Bodengefüge und seine Bedeutung
Ein weiterer wichtiger Faktor ist das Bodengefüge, also die Struktur und Anordnung der Bodenpartikel. Das Bodengefüge wird stark durch organische Substanzen wie Humus beeinflusst, der nicht nur das Porenvolumen vergrößert, sondern auch die Stabilität der Bodenaggregate verbessert. Eine stabile Bodenstruktur fördert die Bildung von Poren unterschiedlicher Größe, was zu einer optimalen Balance zwischen Wasserspeicherung und Durchlässigkeit führt. In der landwirtschaftlichen Praxis kann das Bodengefüge durch verschiedene Maßnahmen beeinflusst werden. So trägt beispielsweise das Vermeiden von Bodenverdichtung, der Einsatz schonender Bearbeitungsmethoden und das Einbringen von Humus dazu bei, das Porenvolumen zu erhalten oder zu verbessern. Eine abwechslungsreiche Fruchtfolge und der Erhalt von Bodenbewuchs schützen den Boden zudem vor Erosion und fördern die Bildung von Poren durch Wurzeleinträge.
Die Rolle von Humus
Humus speichert Wasser durch seine einzigartige physikalische und chemische Struktur, die es ihm ermöglicht, große Mengen an Wasser zu absorbieren und zu binden. Dies geschieht vor allem durch zwei Mechanismen:
- Physikalische Speicherung: Humus verbessert die Bodenstruktur, indem er die Bildung von Aggregaten fördert, die wiederum die Porosität und das Wasserrückhaltevermögen des Bodens erhöhen. Die poröse Struktur des Humus schafft mehr Raum für Wasser, das dann in diesen Poren gespeichert wird und gegen die Schwerkraft gehalten werden kann.
- Chemische Bindung: Humus besteht aus organischen Substanzen, die hydrophile (wasserliebende) Eigenschaften besitzen, insbesondere durch Huminsäuren und Fulvosäuren.
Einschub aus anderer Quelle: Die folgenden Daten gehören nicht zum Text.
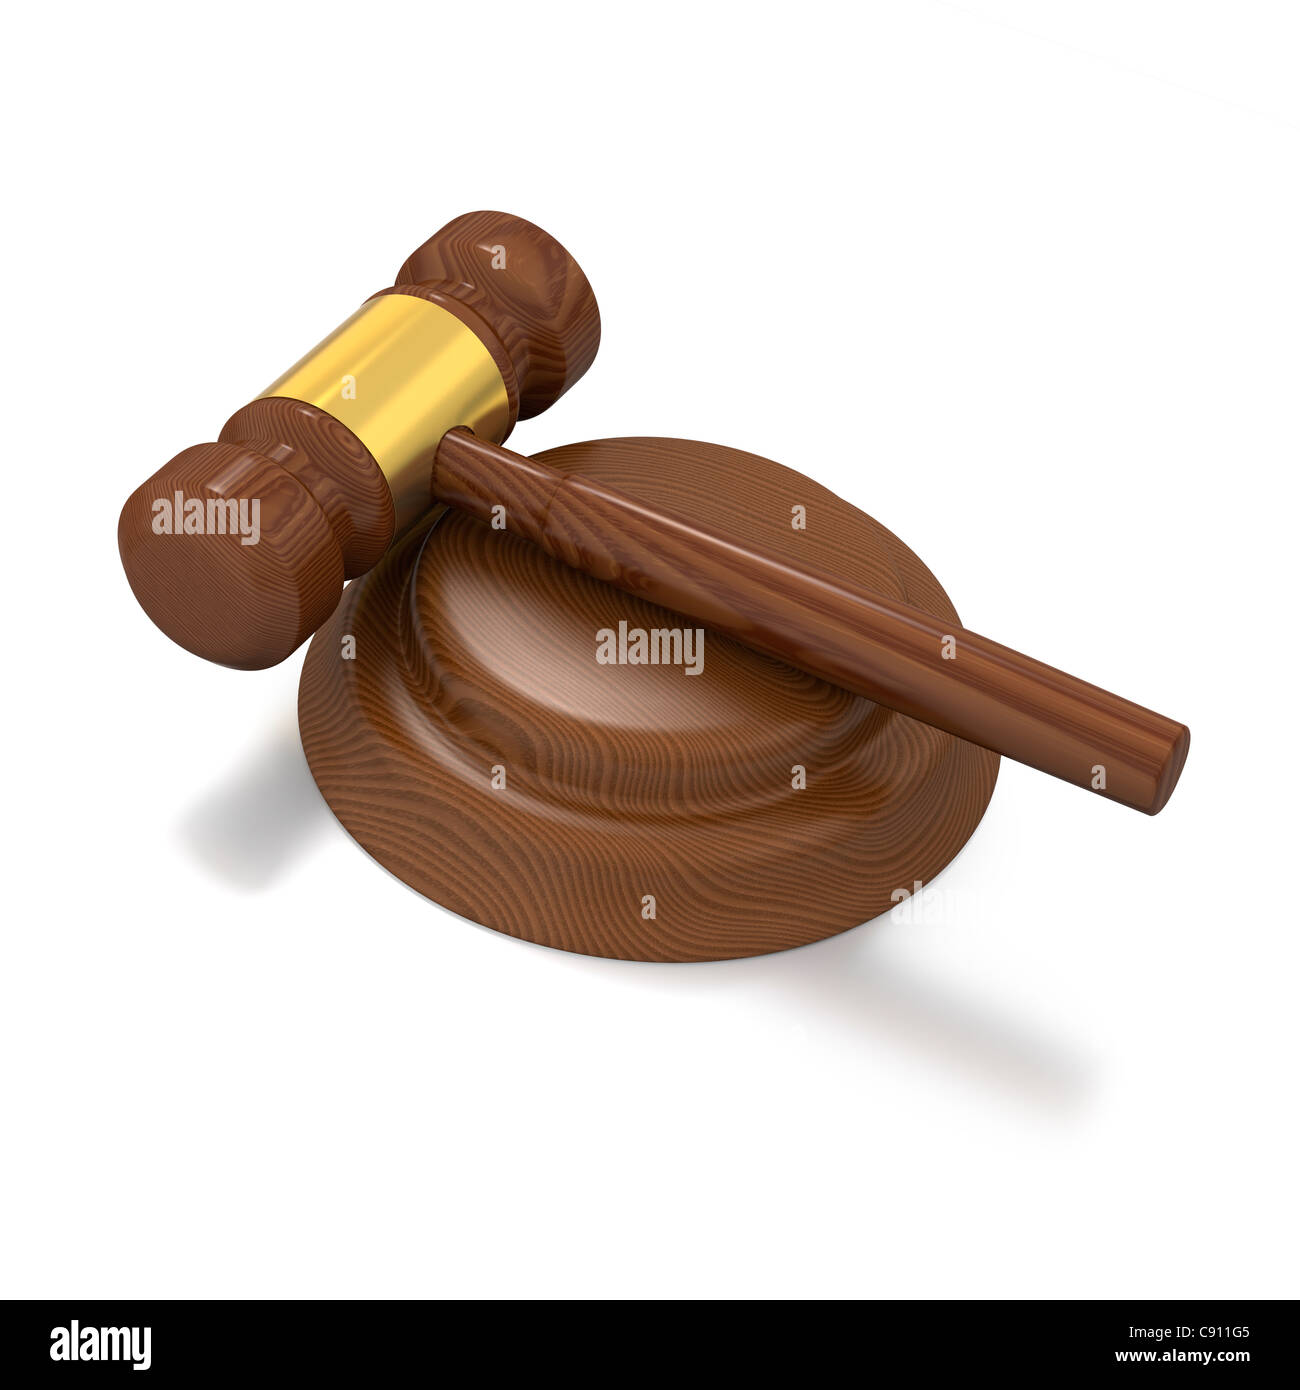 Judge's gavel made of wood on white background Stock Photo
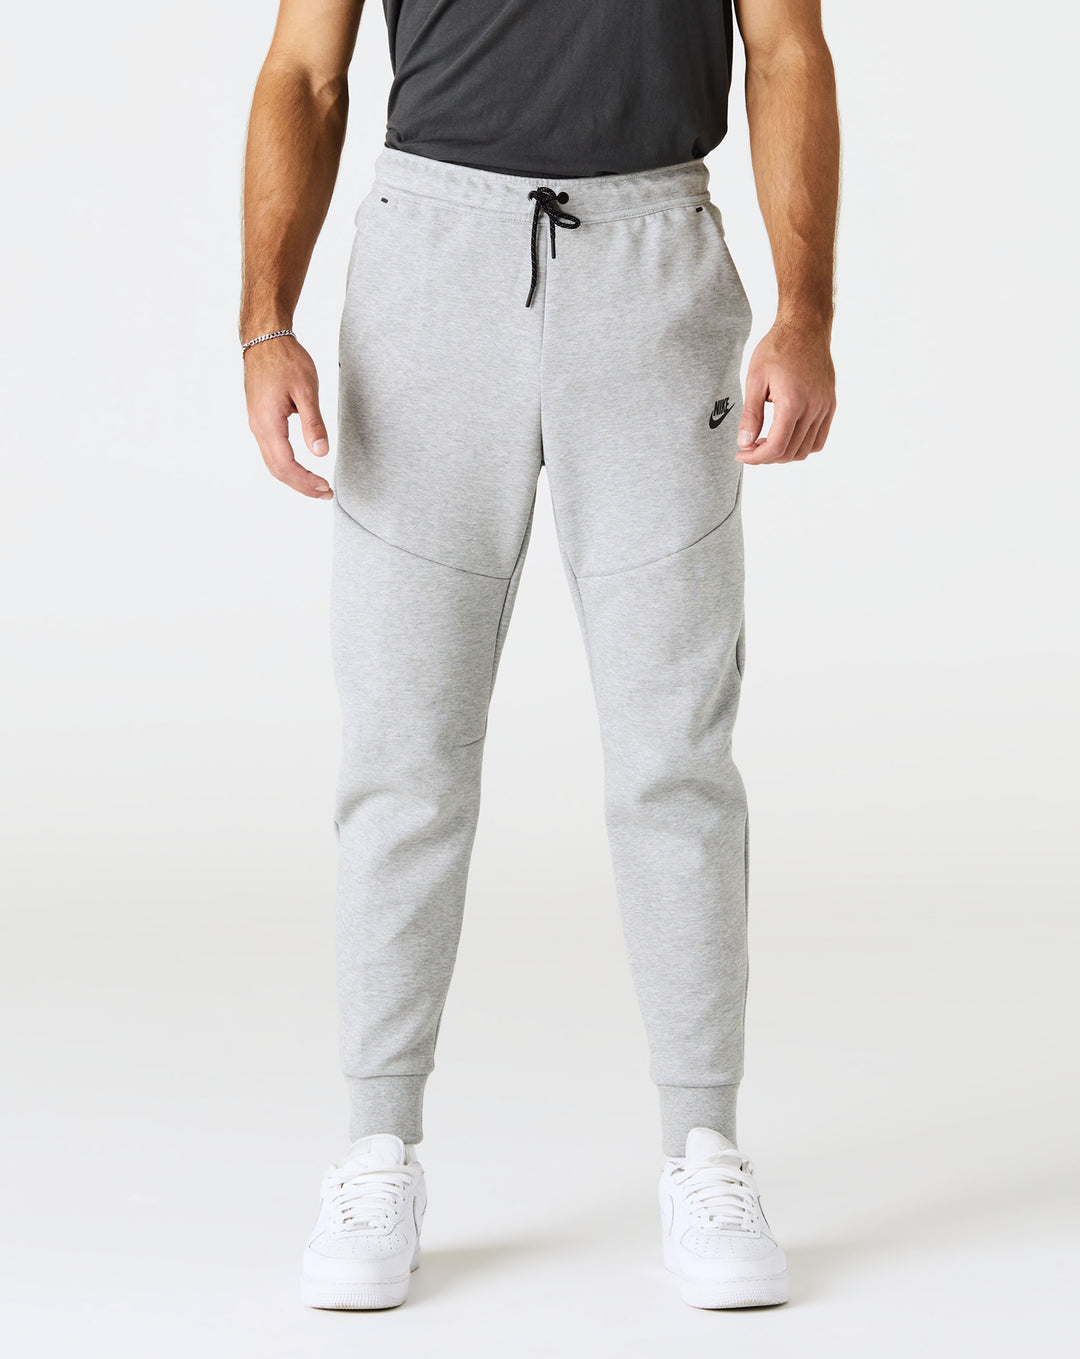 Nike - Tech Fleece Pants - Dark Grey Heather

Diese Moleküle können Wassermoleküle durch Wasserstoffbrückenbindungen und andere Wechselwirkungen anziehen und binden, was zu einer erhöhten Wasserspeicherung führt.
Durch diese Mechanismen kann Humus effektiv Wasser speichern und es den Pflanzenwurzeln bei Bedarf zur Verfügung stellen, was insbesondere in trockenen Perioden von großer Bedeutung ist.
Die Werte, wie hoch die Wasserspeicherung durch den Humusaufbau tatsächlich ist, schwanken. Generell gilt die Regel, dass Humus das drei- bis fünffache seines Eigengewichts in Form von Wasser speichern kann. Das bedeutet, dass ein Kilogramm Humus zwischen drei und fünf Liter Wasser speichern kann.